Provided records >>
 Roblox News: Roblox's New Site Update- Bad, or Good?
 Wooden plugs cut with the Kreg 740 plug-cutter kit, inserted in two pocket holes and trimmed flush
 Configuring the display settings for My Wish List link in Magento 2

---

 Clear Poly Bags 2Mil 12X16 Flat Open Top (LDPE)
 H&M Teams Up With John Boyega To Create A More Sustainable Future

---

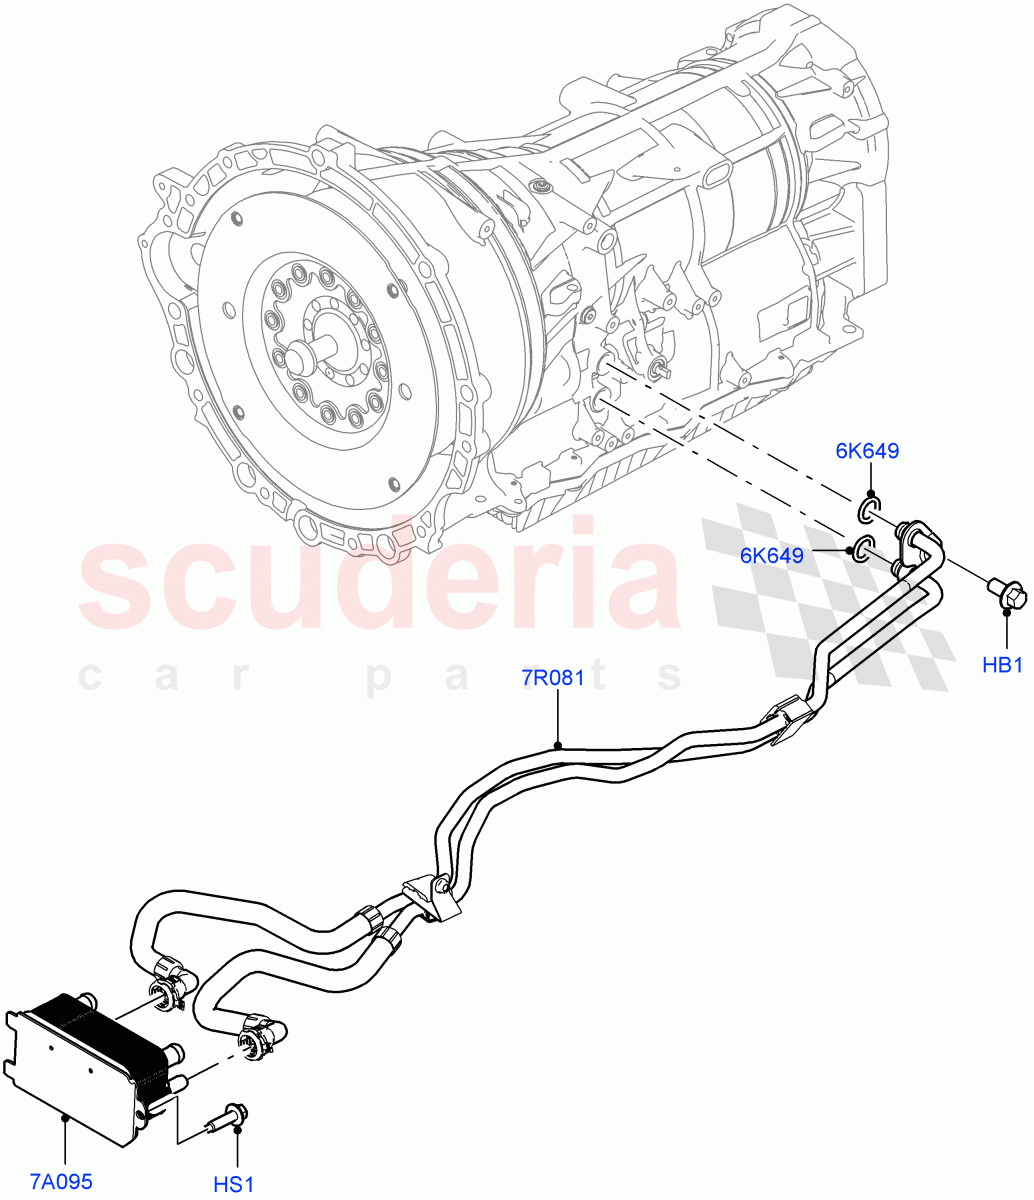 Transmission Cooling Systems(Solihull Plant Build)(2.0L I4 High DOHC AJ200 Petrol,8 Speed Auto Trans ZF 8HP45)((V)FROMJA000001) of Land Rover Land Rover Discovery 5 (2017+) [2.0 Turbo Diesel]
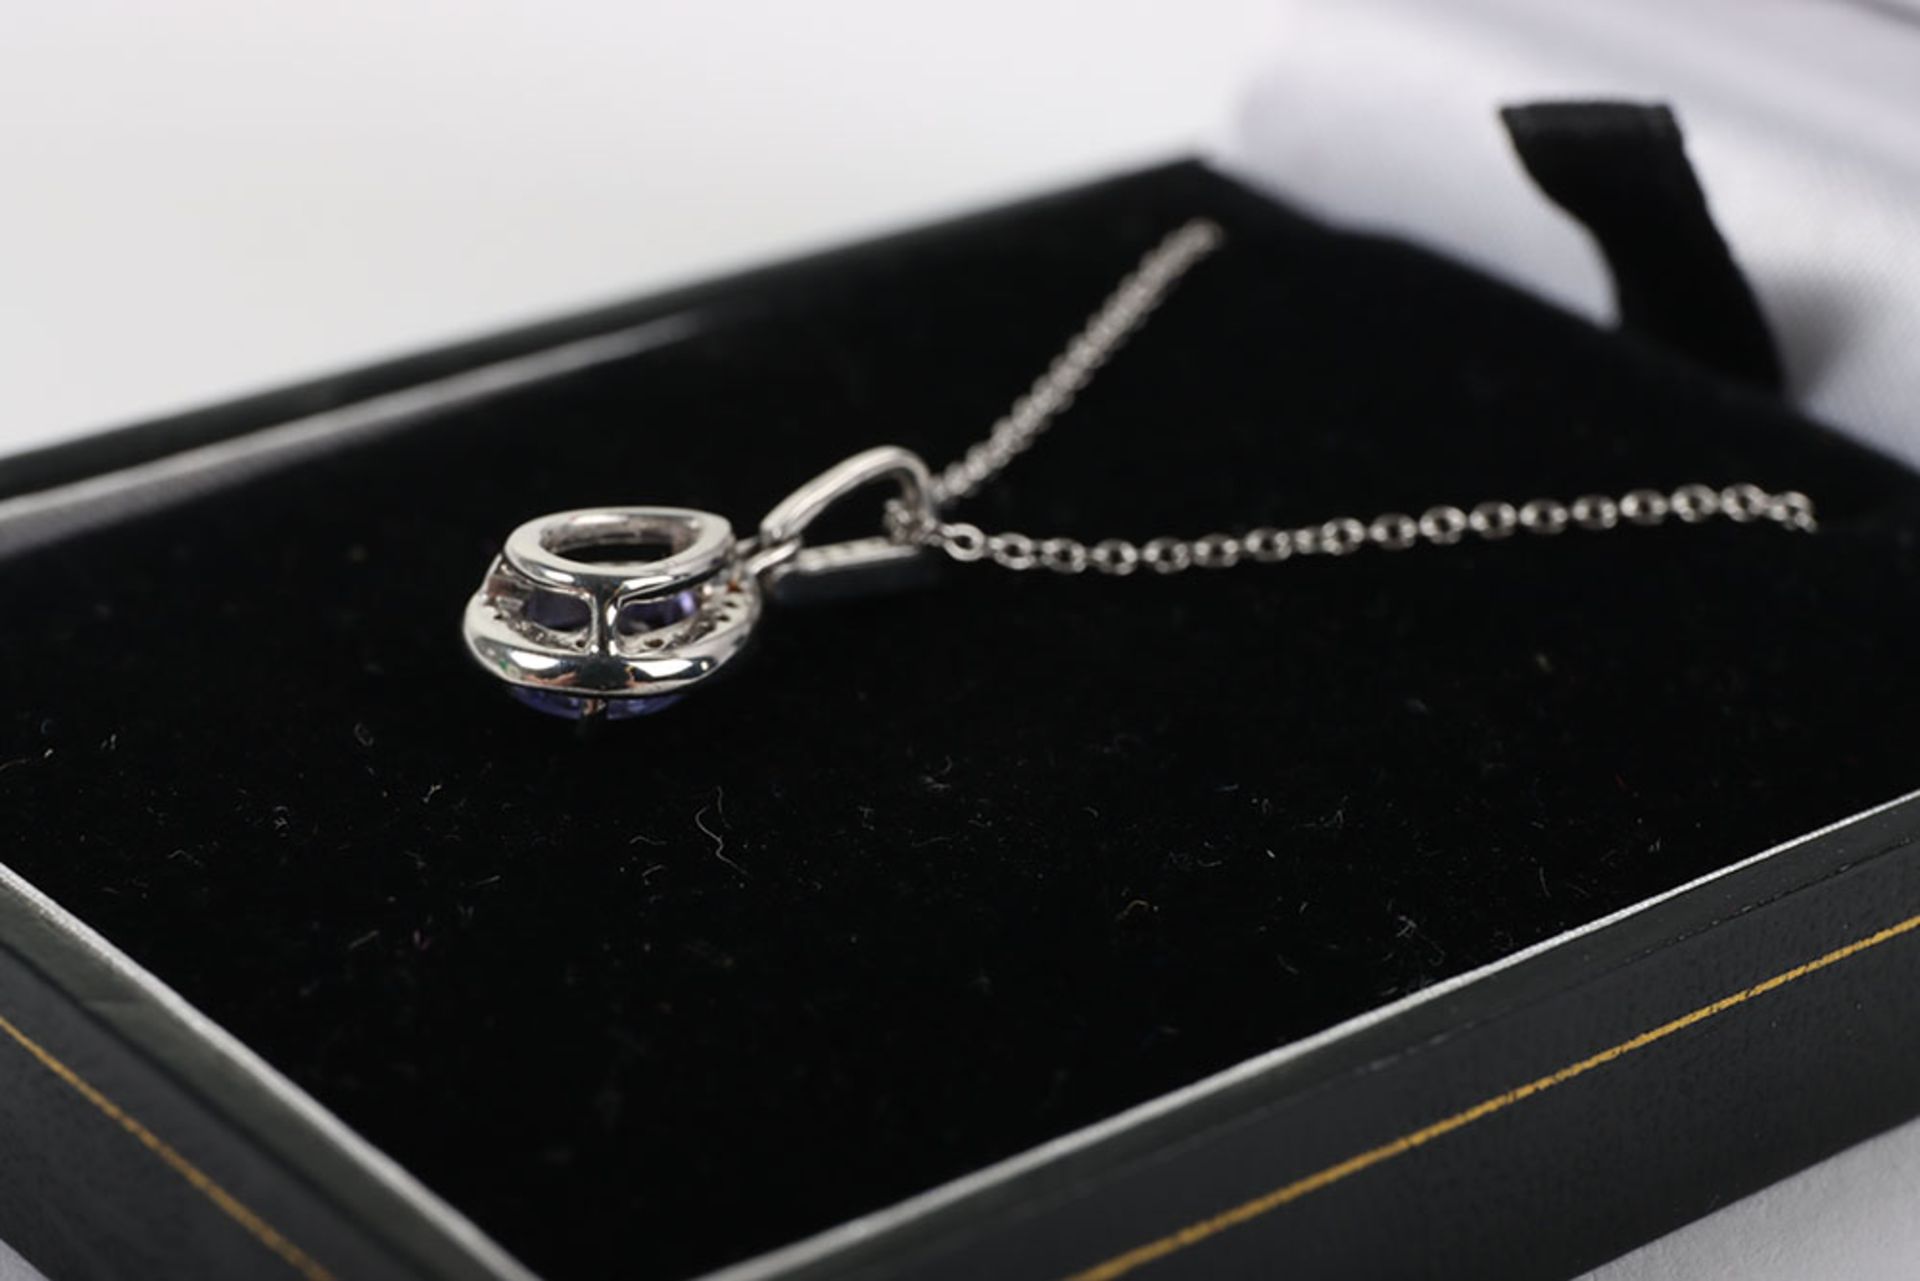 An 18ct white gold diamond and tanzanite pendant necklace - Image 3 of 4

Problem to solve >> What are the lines above, starting at the one with "Roblox News: Roblox's" and ending at the one with "Configuring the display"? Give them again exactly, and only them.

Response to the exercise >>
 Roblox News: Roblox's New Site Update- Bad, or Good?
 Wooden plugs cut with the Kreg 740 plug-cutter kit, inserted in two pocket holes and trimmed flush
 Configuring the display settings for My Wish List link in Magento 2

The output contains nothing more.